All experiments are fully tracked using MLflow 3.0 and compatible with CUDA, MPS (Apple Silicon), and CPU backends.


📂 Directory Overview

File Stage Description
01_baseline_tuning.py Stage 1 Tunes a baseline MLP using Optuna or DEHB, logs best configuration to MLflow.
02_temperature_scaling.py Stage 2 Applies post-hoc temperature scaling calibration to the tuned model, optimizes ( T^* ), and evaluates calibration metrics (ECE, MCS, NLL).
03_distillation_experiment.py Stage 3 Performs knowledge distillation from the calibrated teacher to a smaller student model, logging teacher and student performance.
04_cross_architecture_eval.py Stage 4 Compares calibration and accuracy across multiple architectures (Baseline, Calibrated, Distilled). Generates LaTeX-ready tables.
05_calibration_summary.py Stage 5 Aggregates metrics from all experiments, computes mean ± std, and exports CSV + LaTeX summary tables for thesis reporting.
__init__.py Marks directory as a Python module for structured imports.

Workflow Summary

The MUGA LAB undergraduate pipeline follows a five-stage methodology:

  1. Model Optimization (Stage 1)
    Optimize an MLP model on tabular data using Optuna or DEHB.
    Output: best hyperparameters + model artifact logged to MLflow.
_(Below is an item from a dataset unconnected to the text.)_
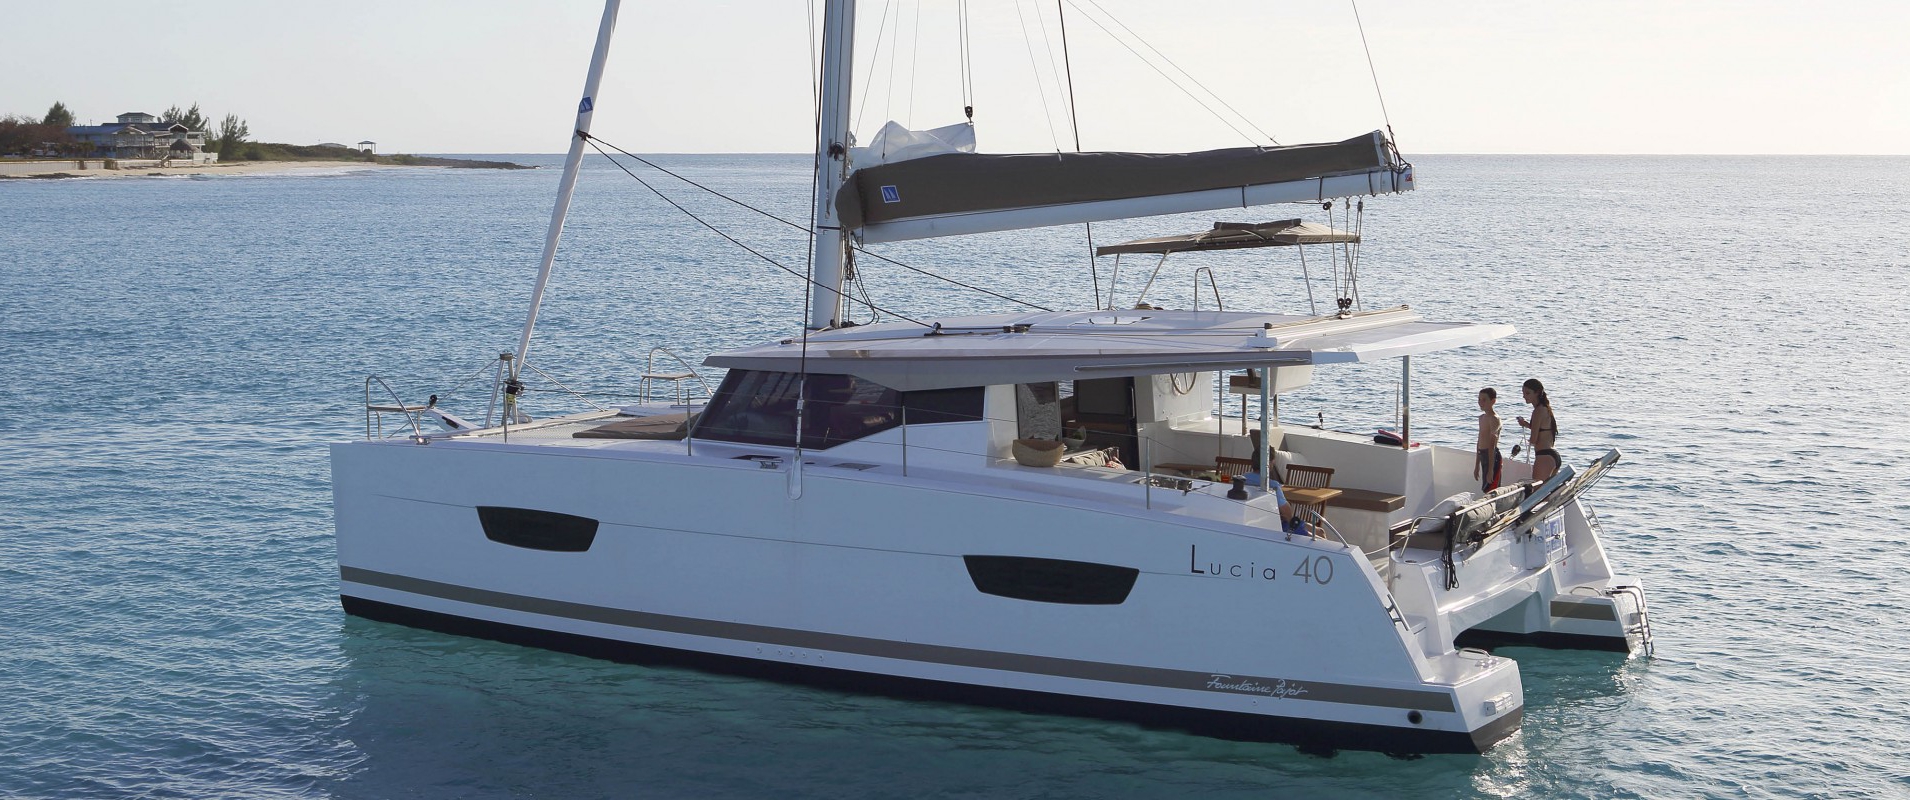 Waypoints Yacht Charters Fountaine Pajot Lucia 40 Clarity Catamaran in St. Thomas

  2. Calibration (Stage 2)
    Calibrate the tuned model using temperature scaling.
    Output: optimal temperature (T^*), improved ECE and NLL metrics.

  3. Distillation (Stage 3)
    Distill calibrated teacher knowledge into a smaller student network.
    Output: distilled student model + teacher/student metrics.

  4. Cross-Architecture Comparison (Stage 4)
    Evaluate multiple trained models across architectures or training regimes.
    Output: comparative LaTeX table of calibration and accuracy metrics.

  5. Summary and Reporting (Stage 5)
    Consolidate all experiments into a final quantitative report.
    Output: CSV + LaTeX tables for the Results & Discussion chapters.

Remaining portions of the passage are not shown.